# My Horse does not like being the STALL



## Scoutrider (Jun 4, 2009)

Does she behave similarly if she's left behind outside? Is she quieter in the stall of there are other horses in the barn? Some horses are really herd bound, and others have no problems that way but are really anxious and uncomfortable in a stall situation. It sounds like yours is more herd bound.

To tackle the herd-bound problem, I would work her close to her "buddies," where she wants to be. Lunge her if you can, or ride her, just keep her feet moving fairly energetically. When she is focused on you and responding to your requests, trot her to the barn and put her in the stall, and let her rest there. You can pet her, talk to her, calm her, but if she would rather be with the other horses, cool. Pull her out of the stall and take her where she wants to be, then work, rest in the stall. In the stall, you can have hay and water available to her and allow her to eat or drink if she wants, whatever she wants to do to be comfortable. She'll eventually learn that it's a lot more work to be with her buddies than it is to be by herself. When she's at least somewhat calm away from her buds, I would say start feeding her regular meals away from the other horses.

You can start by just resting outside and away from her "buddies" if she's really giving you trouble. This method also is helpful for trailer loading (work outside, rest inside).

I hope that was somewhat helpful, good luck!


----------



## MyBoyPuck (Mar 27, 2009)

Is she in the barn all by herself?
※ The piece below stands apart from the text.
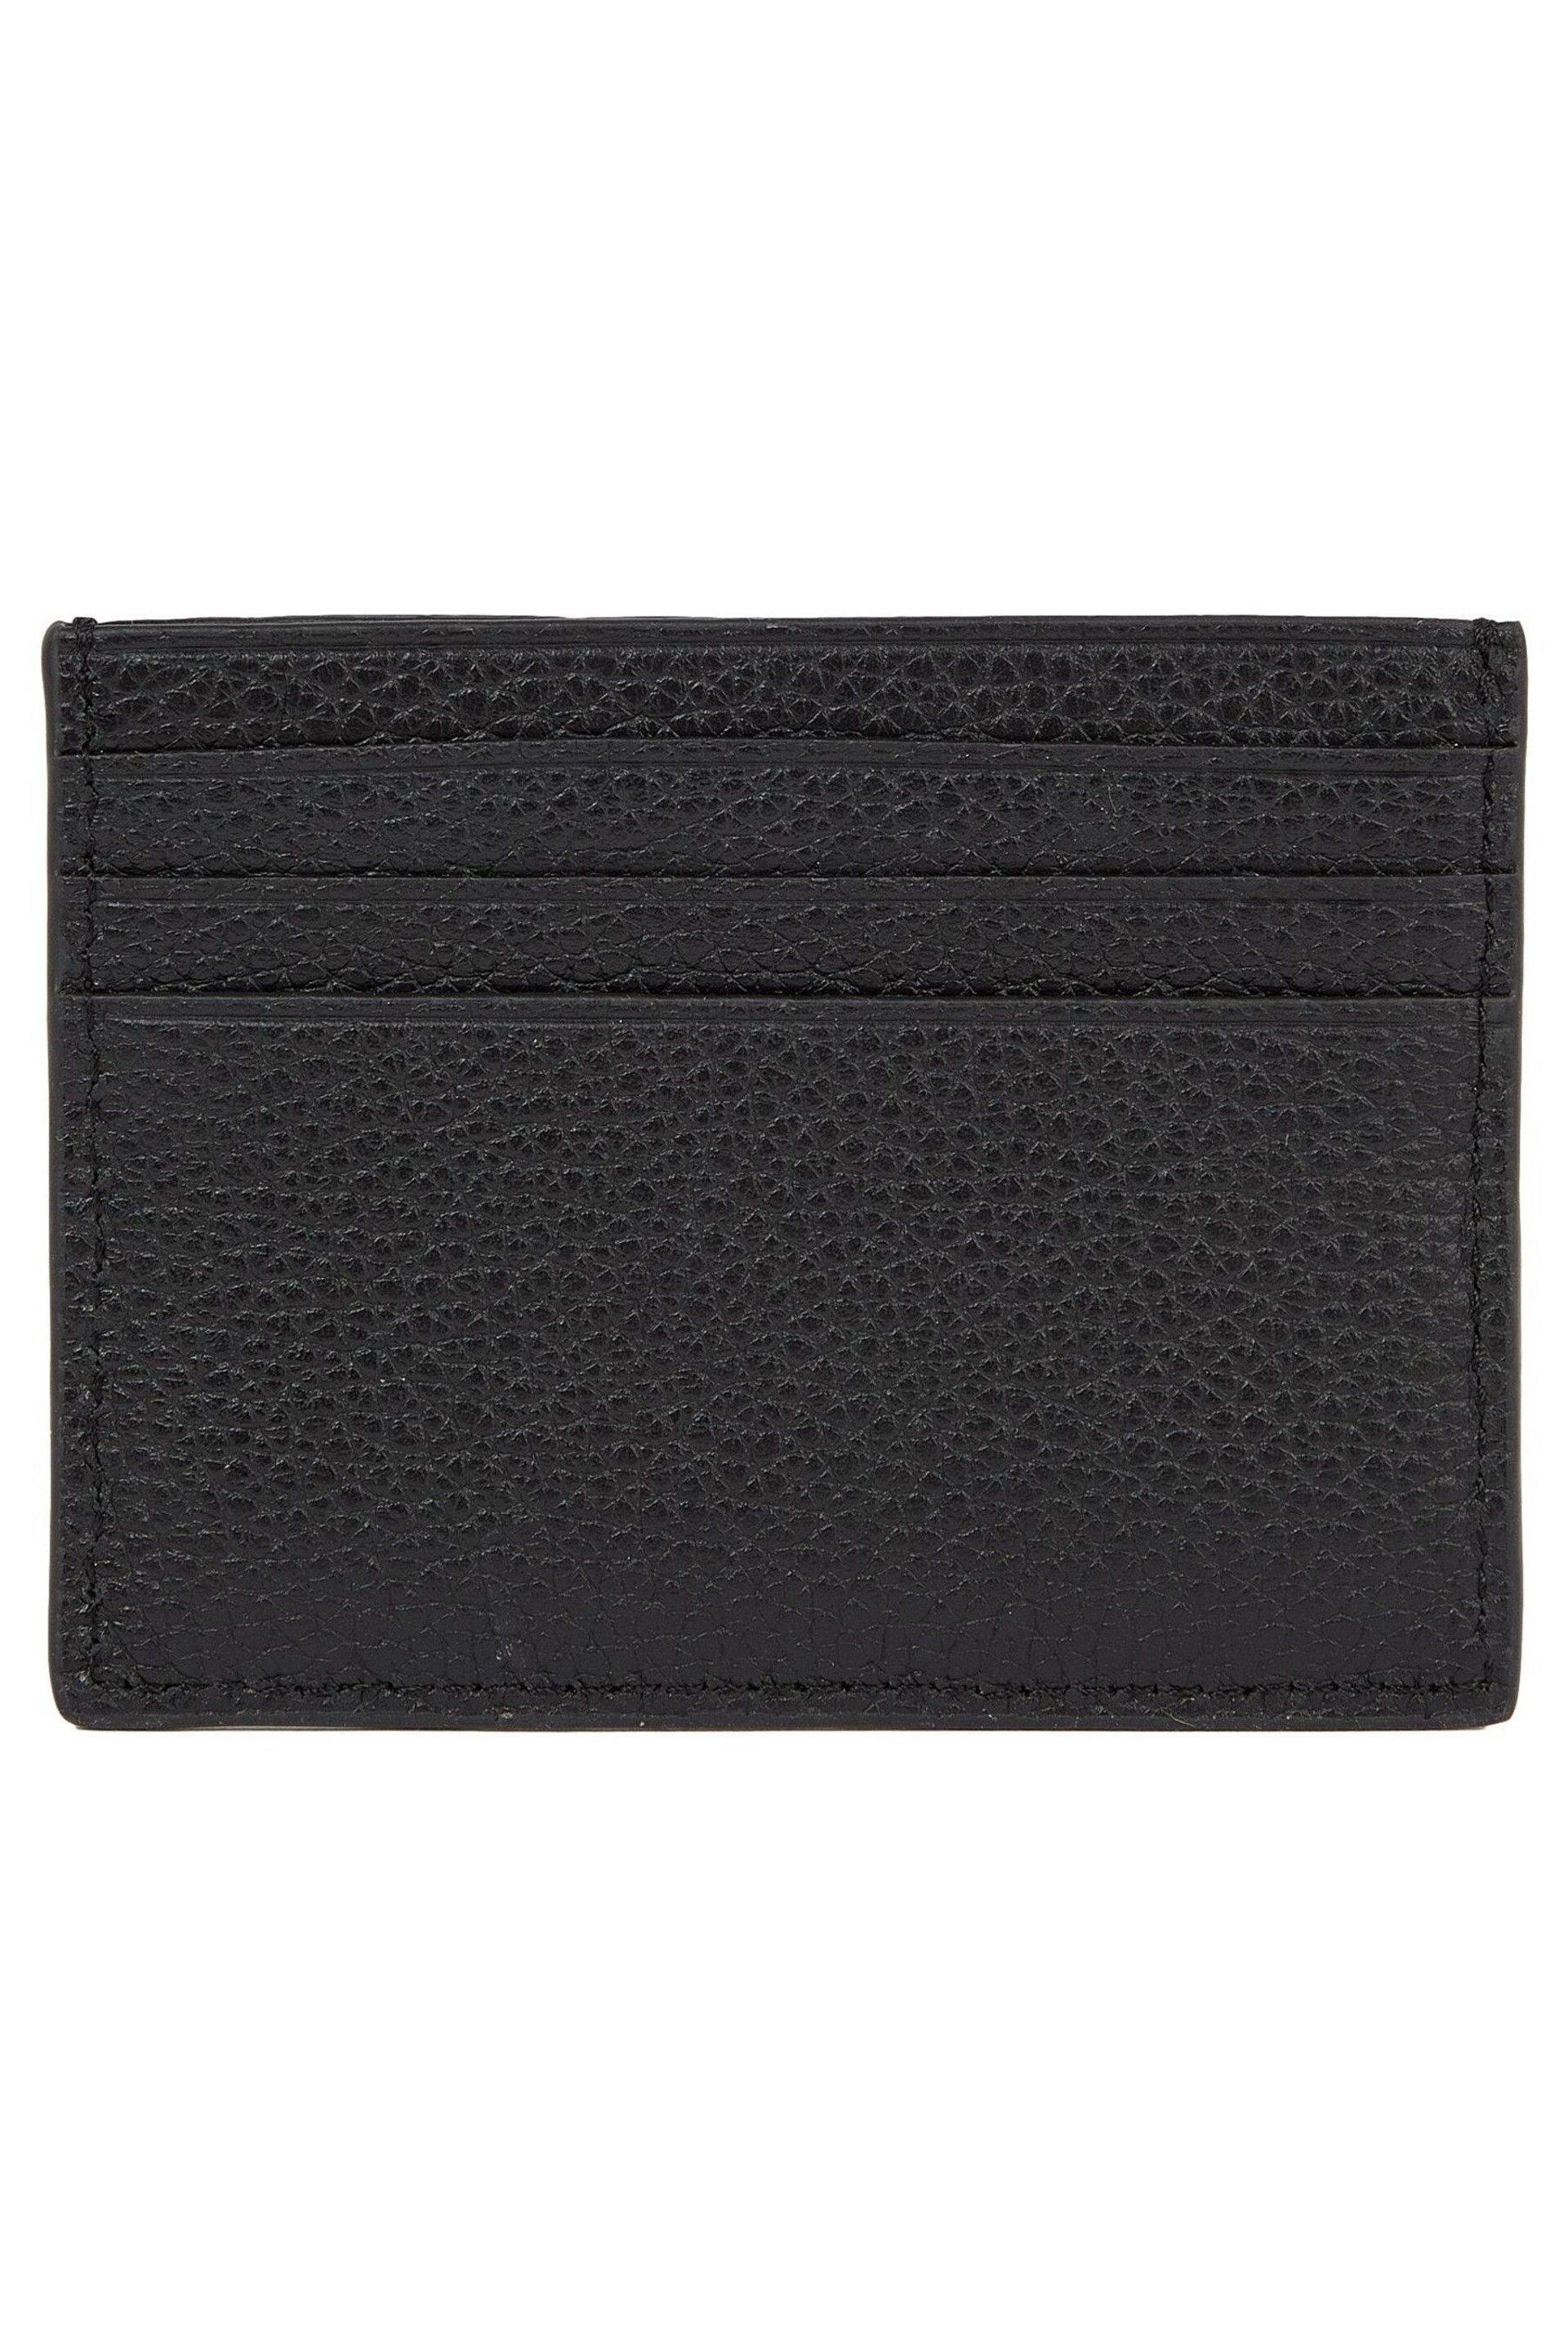 Calvin Klein Black Warmth Leather Card Holder - Image 2 of 3

I don't know too many horses who wouldn't get nervous in that situation.


----------



## teddyboy (Aug 15, 2009)

Yes she is so herd bound. she can see the other horses.


----------



## MIEventer (Feb 15, 2009)

If she doesn't like being in a stall, then she doesn't like being in a stall. I have had TB's like that, and were much, much happier being left outside.

Leave her outside, that's what she wants. Don't force it. She is trying to tell you something, so listen.


----------



## PaintHorseMares (Apr 19, 2008)

Being stalled is another unnatural thing we ask of horses, just like being tied or being alone, and you approach it the same way, practice, patience, and time. Many lesson horses are brought from the pasture in the morning, stalled all day (except for lessons), and turned out in the evening, and they just become used to the routine.

I agree with MIEventer...if she doesn't need to be stalled, why do it? (our mares are out 24x7).


----------



## kitten_Val (Apr 25, 2007)

Can you keep other horse in the next stall? I think it's the only way to go. Personally I don't think she gonna stop all that if you don't have her buddies nearby. My horses love their stalls but they always go together (except when my paint was sick, so I kept her in stall locked, but I let my other horse in/out her stall freely and she was in for the most time).


----------



## SallyRC123 (Aug 22, 2008)

If she is happier out then leave her out. I agree with MIEventer. Its much more natural for her to be in a paddock.


----------



## themacpack (Jul 16, 2009)

Why do you want her in the stall? Are you hoping to use the stall to cure the herd bound issue or are there other reasons you feel she needs to be stalled?
Honestly, the fact that she _can _see her herdmates is likely to contribute to her being more agitated, not calmed - they are out _there_ and she is in _here_, why would that do anything to settle her? Barring putting a companion in a stall next to her (where they can actually interact vs. seeing them a ways off), I would suggest no contact better than the limited view she has now if you are wanting her to settle. Or, you could look at why she is so unhappy in the stall and devise a new plan to address the issue you have with her herd bound nature that you can both be happier with.


----------



## Colesonfire (Aug 21, 2009)

Leaving an unwilling horse in a stall is a good way to have her pick up vices. Try what ScoutRider said, but if she still gets anxious in the barn, don't force her. Happy horses are much nicer than unhappy ones.


----------